Songs of oppression and injustice ...

(May 04, 2012)

Themes that endure in folk music are sometimes those born out of adversity, struggle and more frequently those born out of oppression. The inspiration for such songs does not belong to any fixed time or place and their themes return time and again. The ‘oppression’ may manifest itself as tyranny or suppression of one culture over another, subjugation  of one country by another or domination of one class by another. The result is often the same, people with the overwhelming desire to record the state of life that drives them down and robs them of their home, land or security. This yearning frequently resorts to song to make the point, especially when they see some around them that seem to thrive in spite of others misfortunes. There is the burgeoning need to tell a story through a narrative song to expose the lies, share the misfortune or ‘set the record straight’.

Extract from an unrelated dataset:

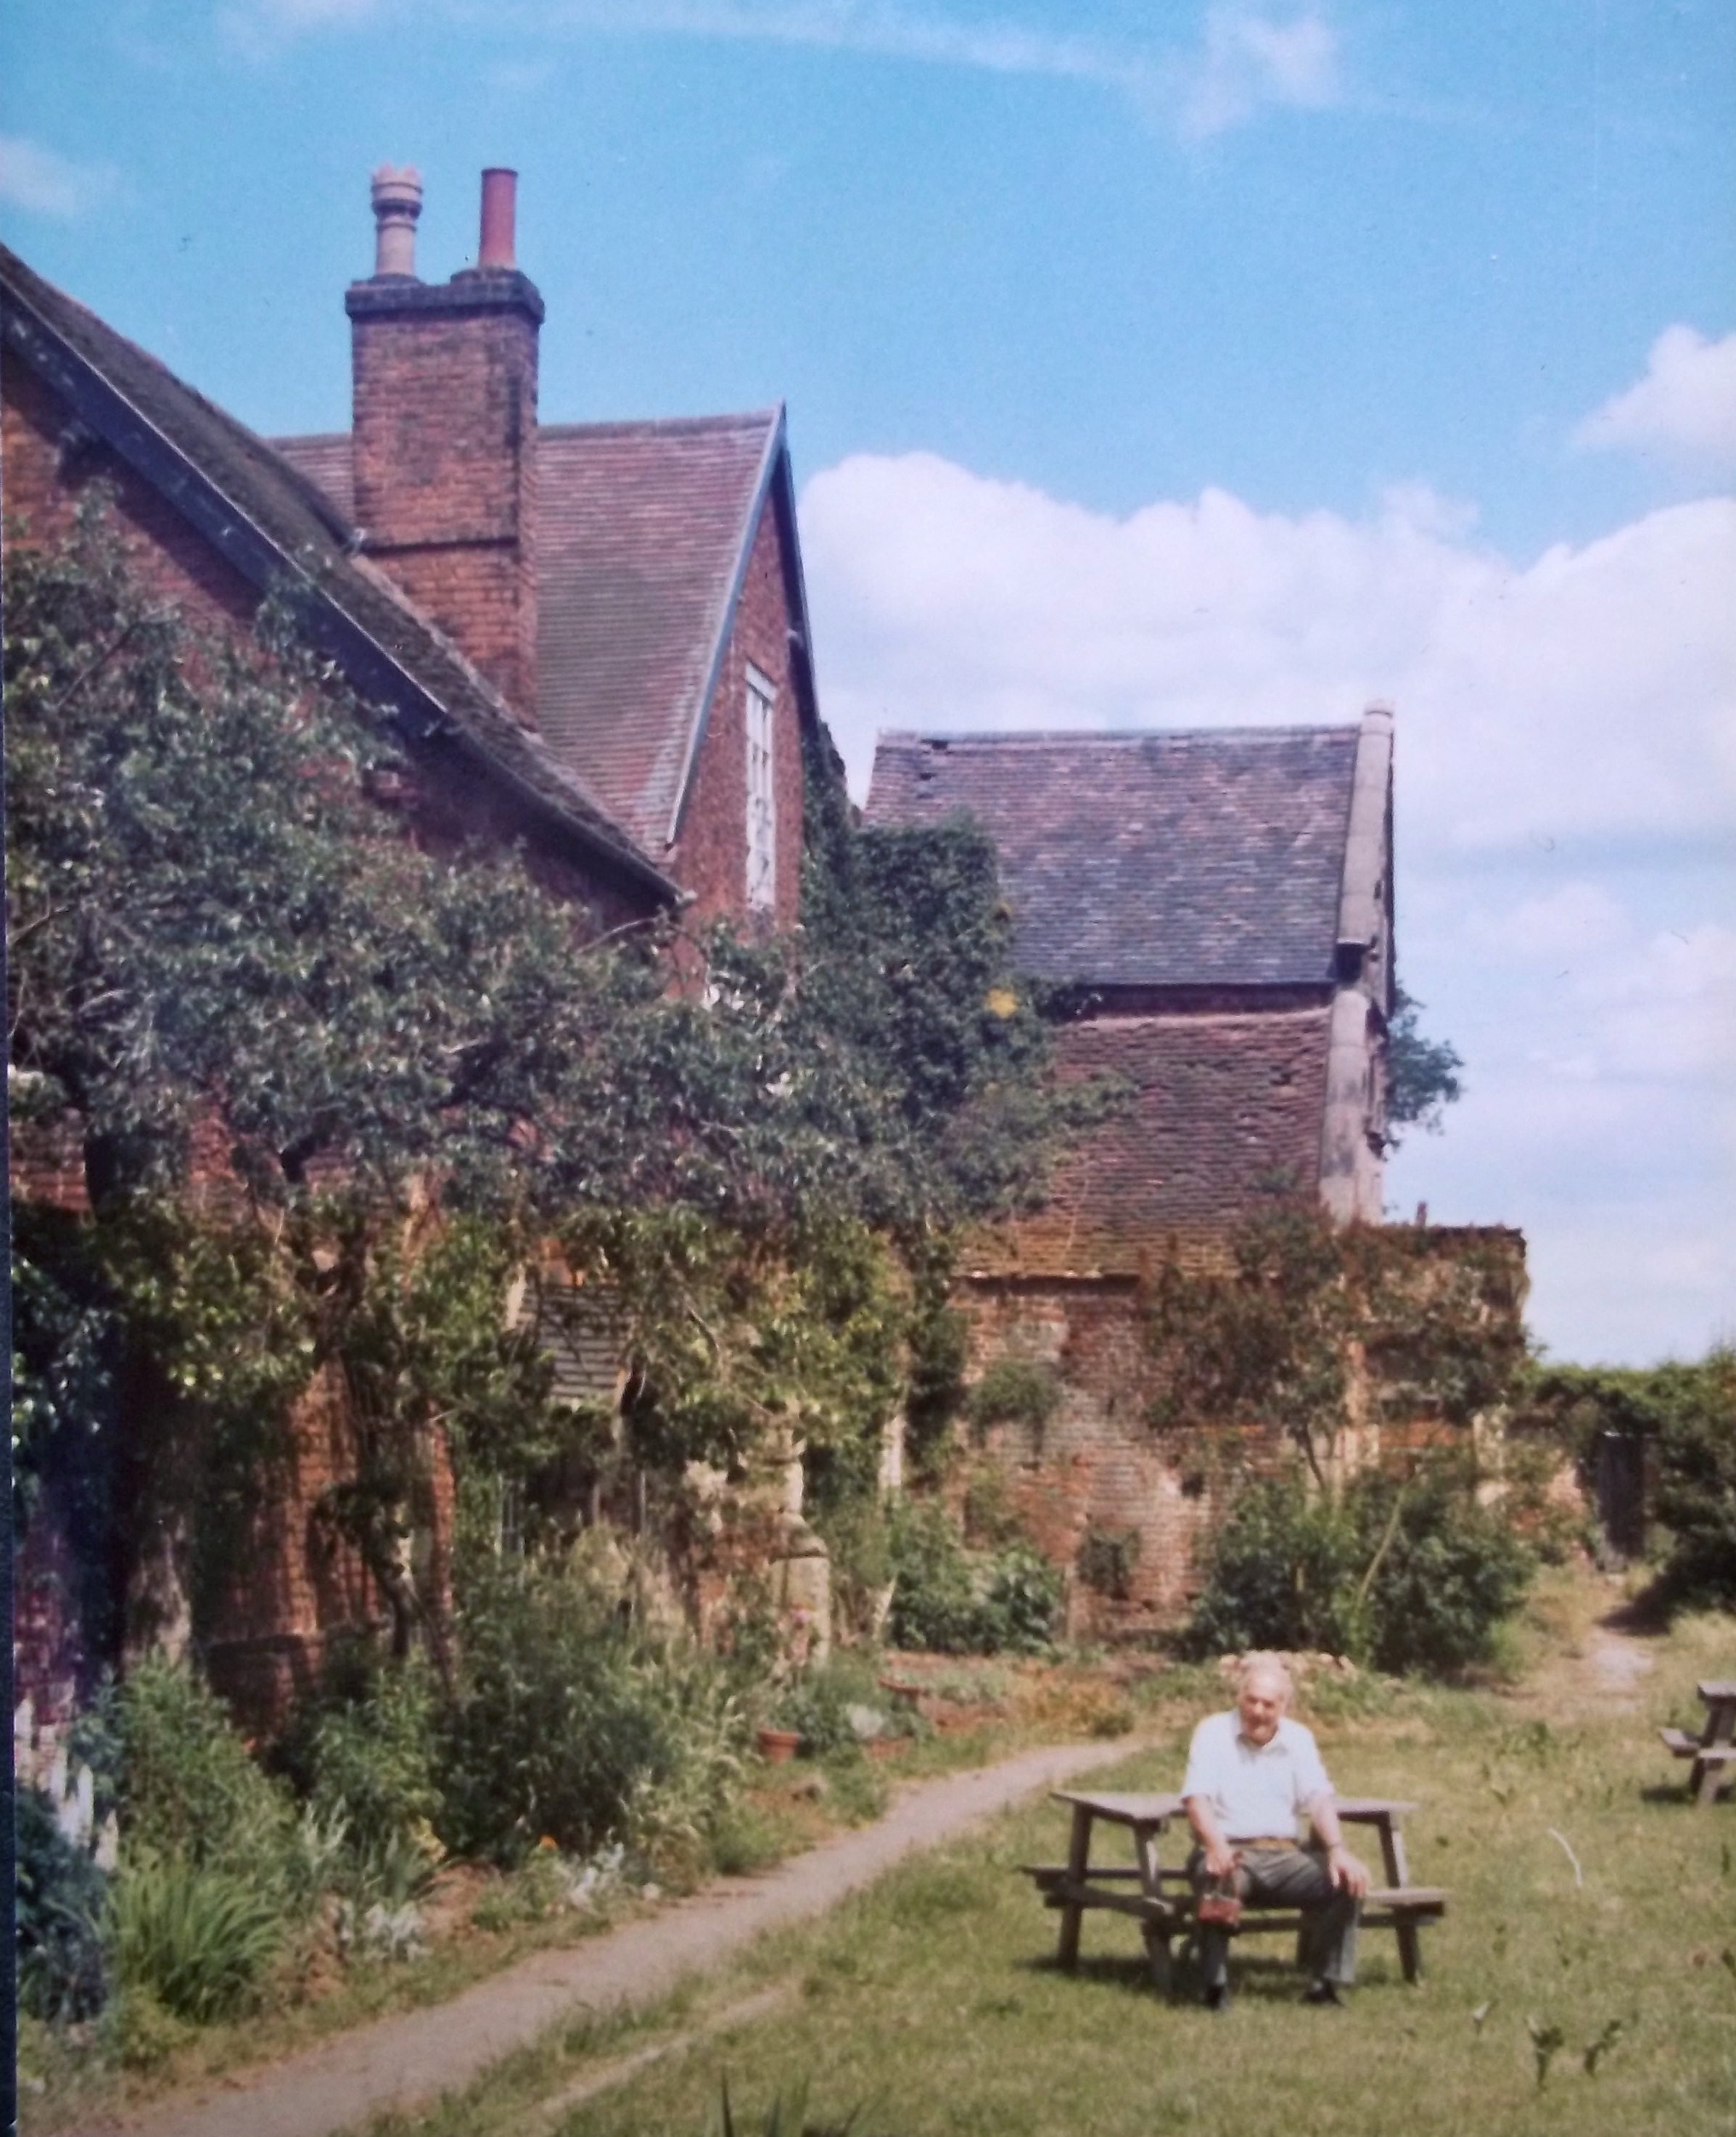 My dad in the garden of the manor house, Hamstall Ridware. C.1982.
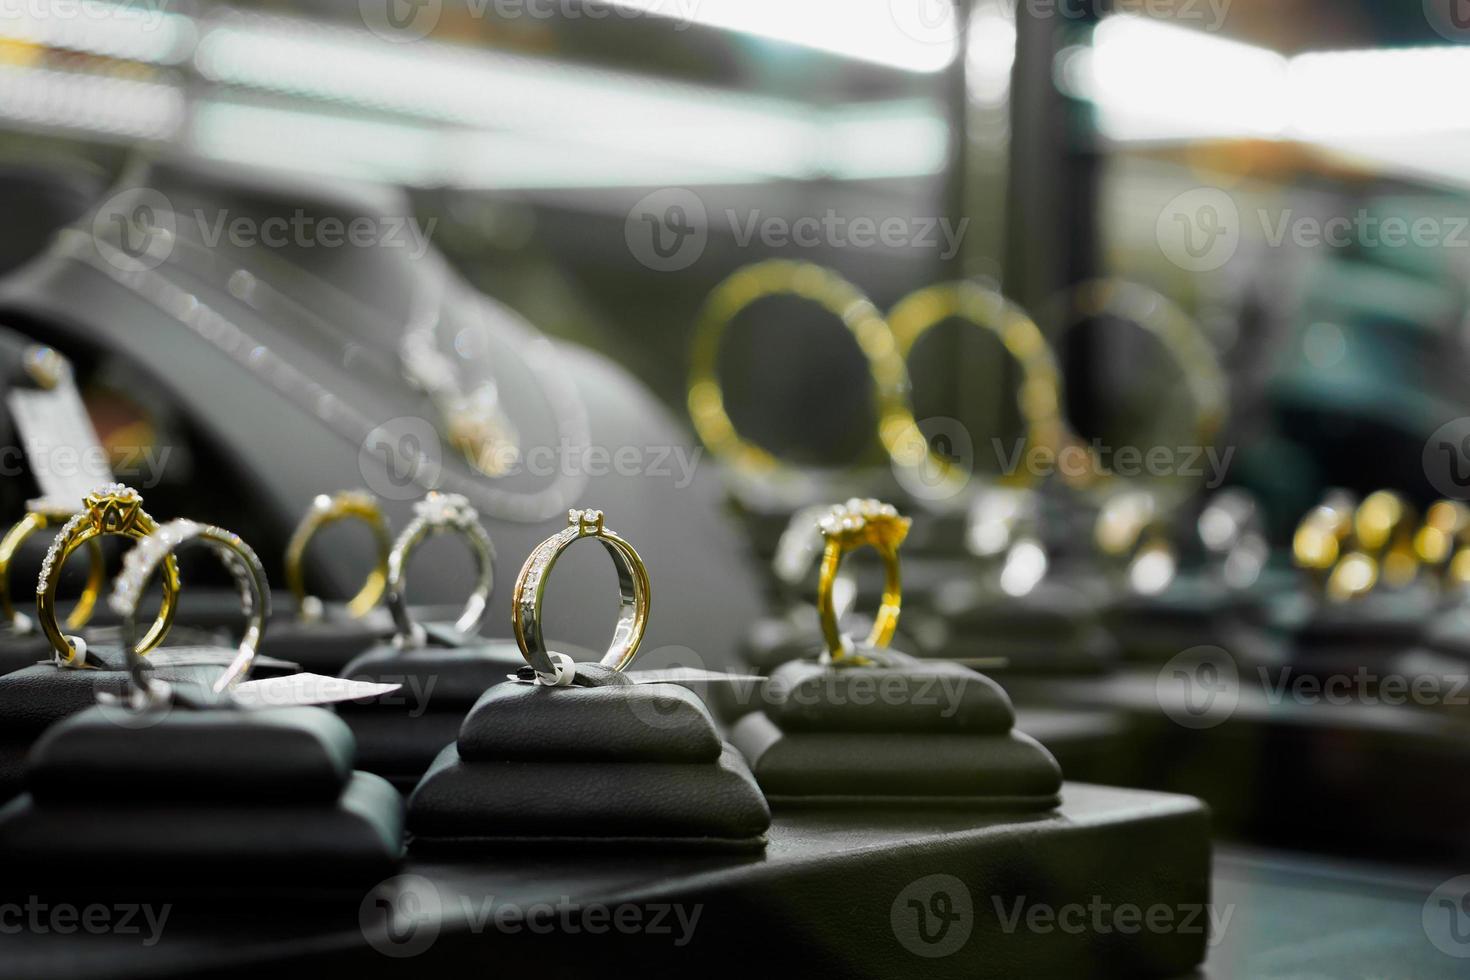 Jewelry diamond rings and necklaces show in luxury retail store window display photo

Ask many people where such folk songs originate and you’ll get similar answers “... they’re mostly from iands where people were driven out of their homes by clearance or famine.” Well yes and then again no. Often the answers include references to the clearance of the ‘poor people’ from their homes deliberately or otherwise by oppression. That oppression could be from absentee landlords, military force or government legislation. Whatever its origin, it’s mostly placed anywhere than England, and somewhere in history rather than last week. Are we really sure?

Echoes of yesterday or shouting today?

If you ask further about oppression and injustice in England it’s the England of Robin Hood and Prince John not the England of David Cameron and Price Charles. Apart from the obvious fact that David Cameron doesn’t actively rob the rich to give to the poor (far more likely the other way around – and covertly). Also, Prince Charles is not governing the country while his mother is off on a Crusade (then again neither is David Cameron governing the country) Never mind the politics - oppression and injustice remain. And they not only remain, they’re on the increase, only nowadays the not-so-subtle violence of absentee landlord and land-clearing lords are replaced by financial treachery, profligacy and ignorance.

That in itself begs the question where are today’s folk songs about oppression and injustice? For a start Steve Knightley writes a pretty fair assessment of injustice and treachery with ‘Arrogance, Ignorance and Greed’ – the bankers and all their blood-sucking cronies did nothing more than rape the country. In this case the ‘poor and oppressed’ were not simply the tenant farmers and crofters. The people on the receiving end of rape and treachery was everyone – those with no savings and those with ‘nest eggs’; all were unceremoniously betrayed. No wonder Mr. Knightley finds the level of grievance required to write an angry song – and thankfully he writes for all of us. Then there are the views of Battlefield Band, with their album ‘Zama Zama …try your luck’ they explored greed and disaster comparing the robber barons from the past to the exploitation and avarice of today – and they’re not wrong. There are others I’m sure but not the rash of expression one might expect. Are our songwriters focused on other issues or is the oppression and injustice of financial disaster for some simply not a big enough disaster – yet?

It may take a while and it may need things to get a lot worse before they get even a little better. Even so, I’m willing to be that there are songs gestating in heads this very moment that will, in the not too distant future, catalogue oppression and injustice in the 21st century.